Click here to learn more about my Upright Posture Fitness Studio in Hudson, MA

Picture of Natalia Dashkovskaya

Natalia Dashkovskaya

3 Responses

  1. I, too, am trying to combine the Gokhale and Egoscue methods. What I’m worried about is that they seem to presuppose 2 different ideal endpoints. Esther speaks of wanting the feet pointed out 10-15 degrees and of having a somewhat anteverted pelvis. The Egoscue method though seems to want feet pointed straight ahead, and its picture of dysfunctional Condition I (with feet pointed out and an anteverted perlvis) seems not too far from what it seems Esther recommends. I’m just worried that by doing both routines I’ll be working at cross purposes. I’d welcome any ideas you have on this. Thanks!

    1. Thank you for a very important and relevant question. When I took the Gokhale method class I was really bothered by the idea of promoting the everted feet and anterior pelvic tilt. While a SLIGHTLY anterior pelvis is considered a norm even by Egoscue, I could not agree with the everted feet. I did a lot of research and came across the work of Katy Bowman, who is a biomechanist by training and is also working on postural alignment. I highly recommend reading two of her books: “Alignment Matters” and “Every Woman’s Guide to Foot Pain Relief” – they made it very clear to me that feet parallel IS a proper feet alignment, sorry Esther. Katy Bowman’s work on foot health is also very much in line with the work of Dr.Ray McClanahan who is highly endorsed by the Egoscue university. Look him up on the youtube, it will be an eye opener. Returning back to the anterior pelvis and feet position, I use Esther’s recommendations only as an overall picture of proper posture and make it clear that foot position should be different. She is right on target with neutral spine, vertical alignment from the side view, shoulder position, and rib anchor. It’s complimentary to the Egoscue method as I find that Egoscue does not teach what the body alignment should be outside the exercise menus and how to correct it during the day. I still use Esther’s recommendations myself for sitting and standing (minus everted feet). But for me, Katy Bowman’s work put it all together. I even got certified as a Healthy Foot Practitioner after taking her online training course. I hope you will find this helpful.

  2. I found both of your articles comparing the two methods very helpful confirming my own experience.
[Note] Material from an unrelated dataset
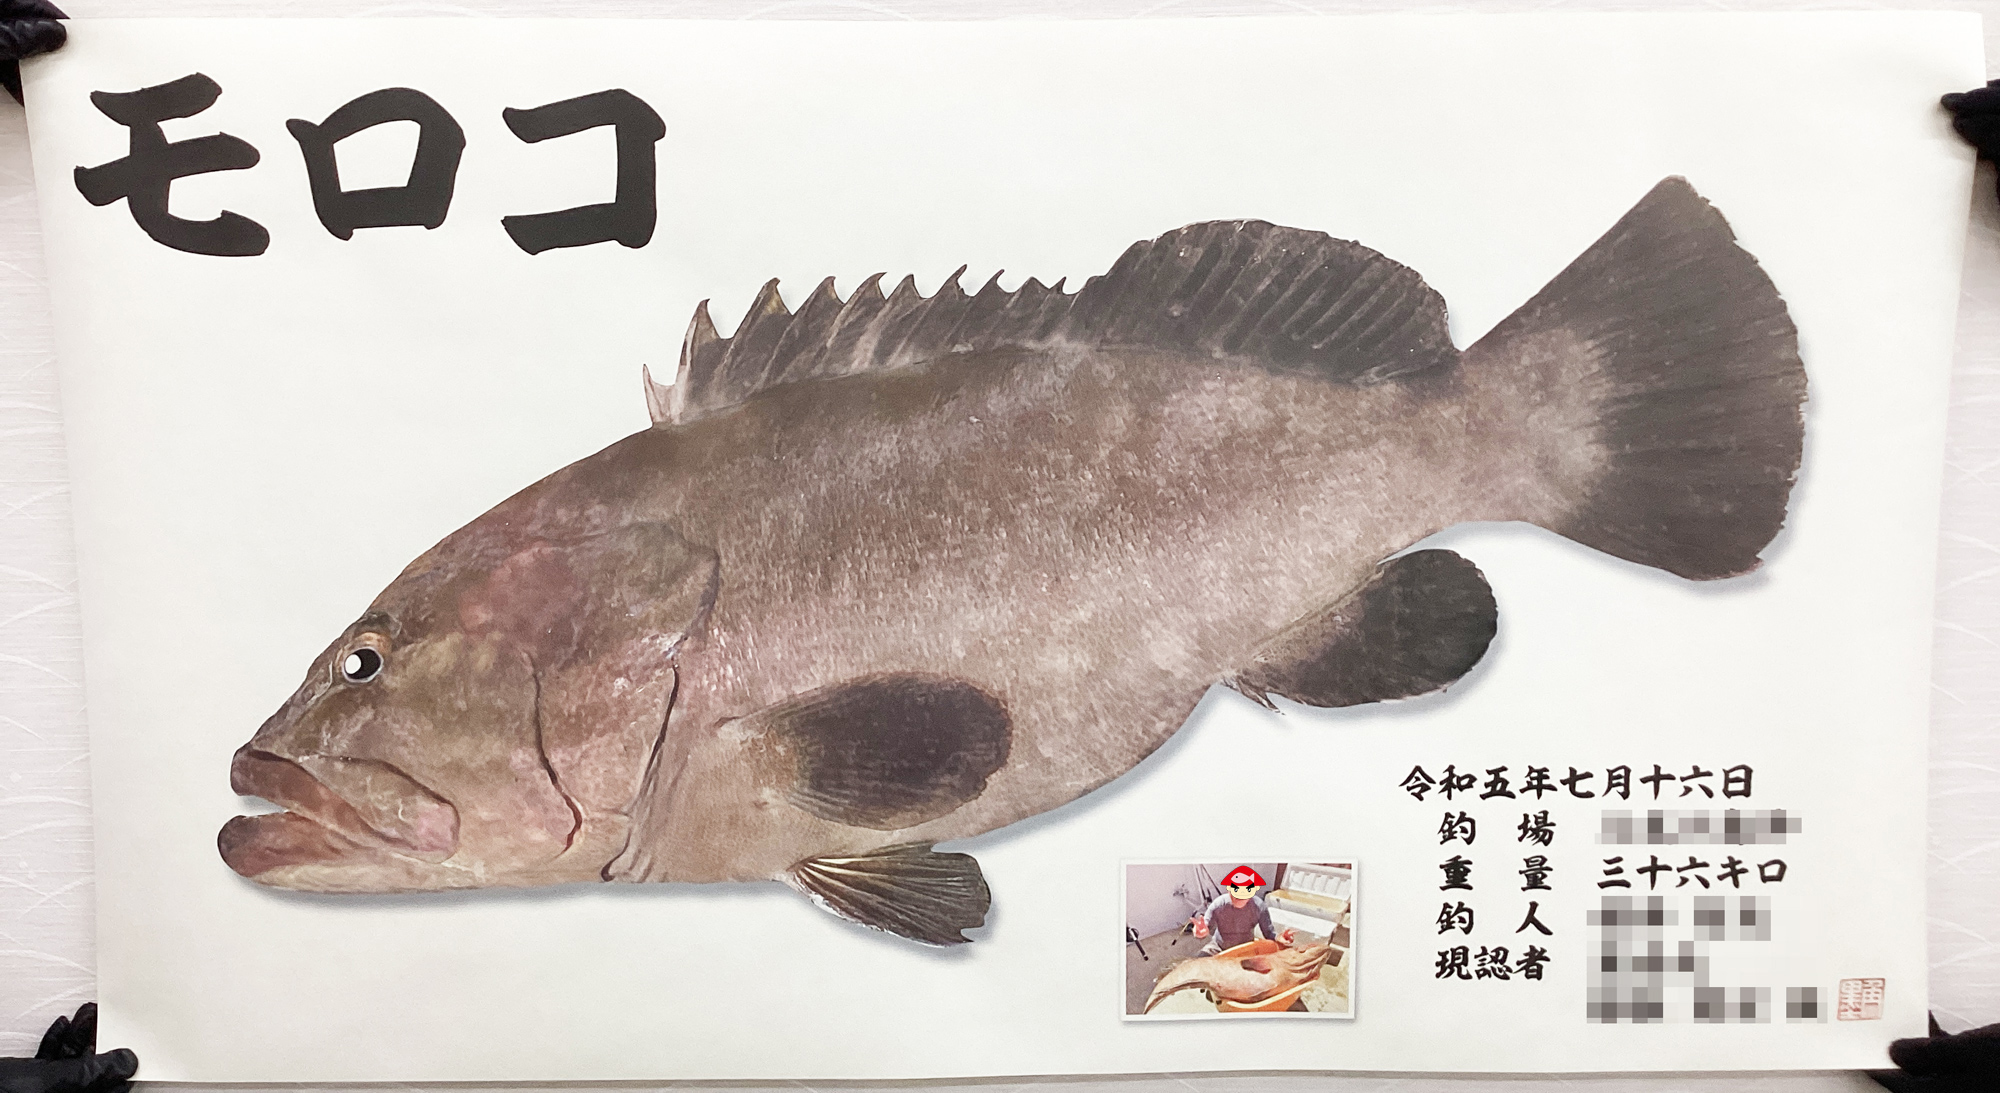 デジタル魚拓作品紹介】カラー魚拓+シャドウ モロコ 36㎏ | 魚墨ブログ

After 5 months of PT, the nervy pain in right buttock was worsening, and after two visits and an MRI the pain specialist I’d been referred to still felt it was a muscle-soft tissue problem. In one session with an Egoscue therapist I got an immediate reduction of pain. (I’d done the Pain-Free book exercises over the years but the ones in the book didn’t address my specific conditions.) The pain doctor’s practice sold Esther Gokhale’s book, which I bought. The Egoscue therapist agreed the approaches were complimentary and after 8 sessions I’m a week into the 6 week Gokhale Foundations class. I am continuing with Egoscue to see if I can avoid knee replacement and regain ability to walk and dance to a reasonable level at age 74. Thanks for your articles.